I = midpoint_integration(g, a, b, n)
print 'Integral of %s on [%g, %g] with n=%d: %g' % \ 
      (f_formula, a, b, n, I)
The complete code is found in integrate.py. A sample run for \( \int_0^{\pi/2} \sin(x)dx \) goes like

integrate.py "sin(x)" 0 pi/2
integral of sin(x) on [0, 1.5708] with n=200: 1
(The quotes in "sin(x)" are needed because of the parenthesis will otherwise be interpreted by the shell.)

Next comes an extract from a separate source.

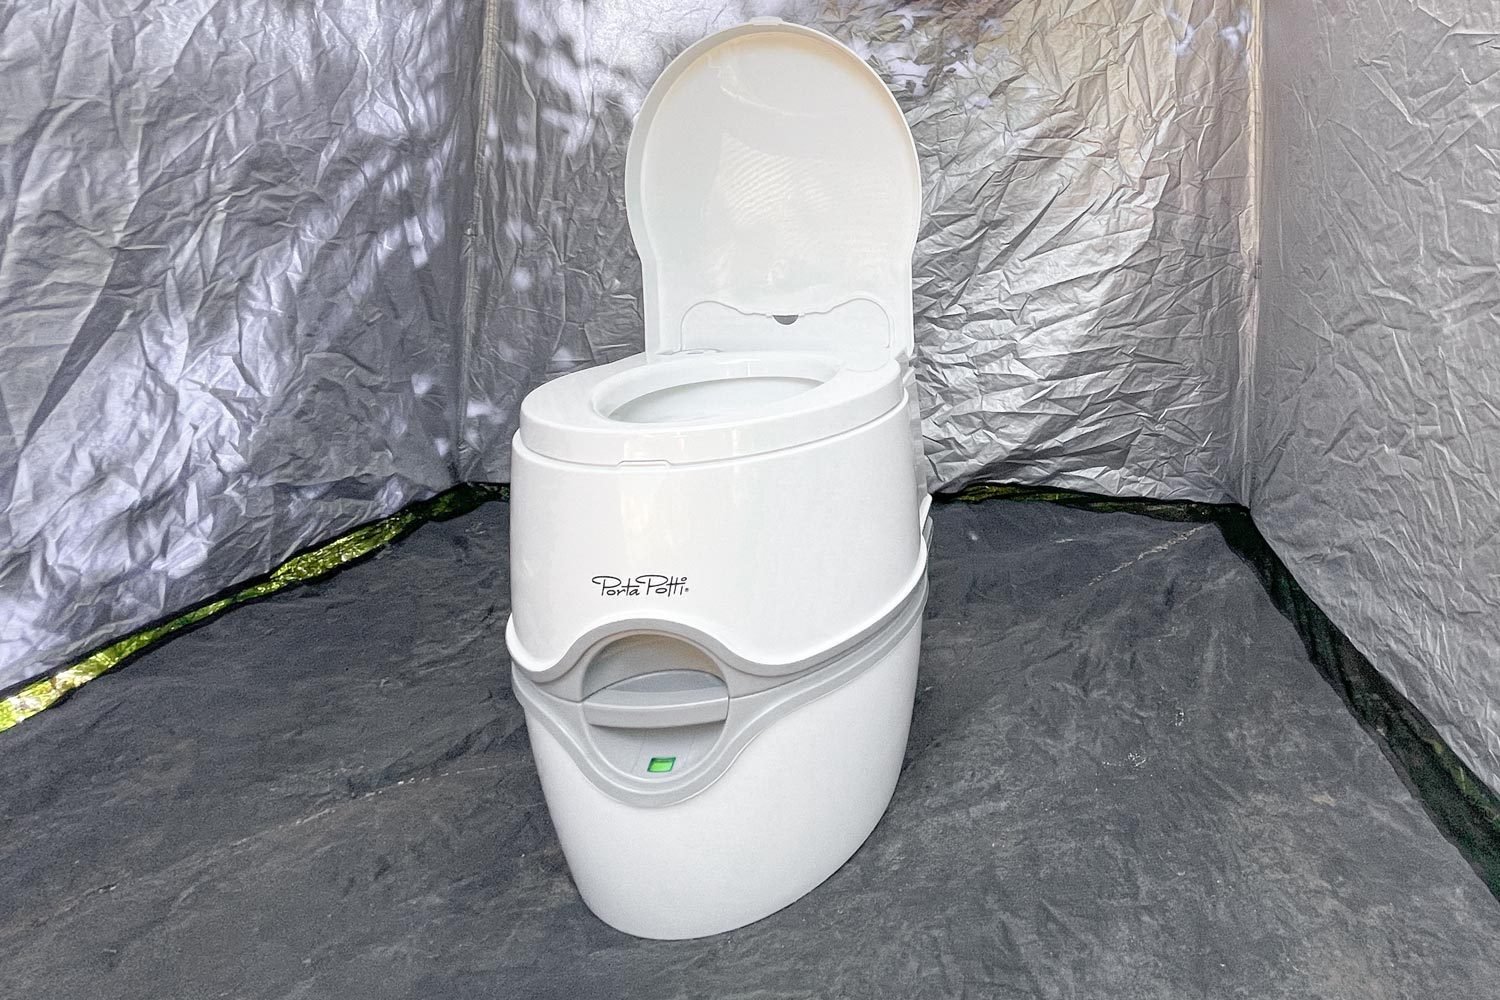 https://www.familyhandyman.com/wp-content/uploads/2023/09/PortaPotty3-Karuna-Eberl-for-FHM-Resize-Recolor-Crop-DH-FHM-What-to-Know-about-Portable-Toilets.jpg

Turning string expressions into functions

The examples in the previous section indicate that it can be handy to ask the user for a formula and turn that formula into a Python function. Since this operation is so useful, we have made a special tool that hides the technicalities. The tool is named StringFunction and works as follows:

>>> from scitools.StringFunction import StringFunction
>>> formula = 'exp(x)*sin(x)'
>>> f = StringFunction(formula)   # turn formula into f(x) func.
The f object now behaves as an ordinary Python function of x:

>>> f(0)
0.0
>>> f(pi)
2.8338239229952166e-15
>>> f(log(1))
0.0
Expressions involving other independent variables than x are also possible. Here is an example with the function \( g(t) = Ae^{-at}\sin (\omega x) \):

g = StringFunction('A*exp(-a*t)*sin(omega*x)',
                   independent_variable='t',
                   A=1, a=0.1, omega=pi, x=0.5)
The first argument is the function formula, as before, but now we need to specify the name of the independent variable ('x' is default). The other parameters in the function (\( A \), \( a \), \( \omega \), and \( x \)) must be specified with values, and we use keyword arguments, consistent with the names in the function formula, for this purpose. Any of the parameters A, a, omega, and x can be changed later by calls like

g.set_parameters(omega=0.1)
g.set_parameters(omega=0.1, A=5, x=0)
Calling g(t) works as if g were a plain Python function of t, which also stores all the parameters A, a, omega, and x, and their values. You can use pydoc to bring up more documentation on the possibilities with StringFunction. Just run

pydoc scitools.StringFunction.StringFunction
A final important point is that StringFunction objects are as computationally efficient as hand-written Python functions. (This property is quite remarkable, as a string formula will in most other programming languages be much slower to evaluate than if the formula were hardcoded inside a plain function.)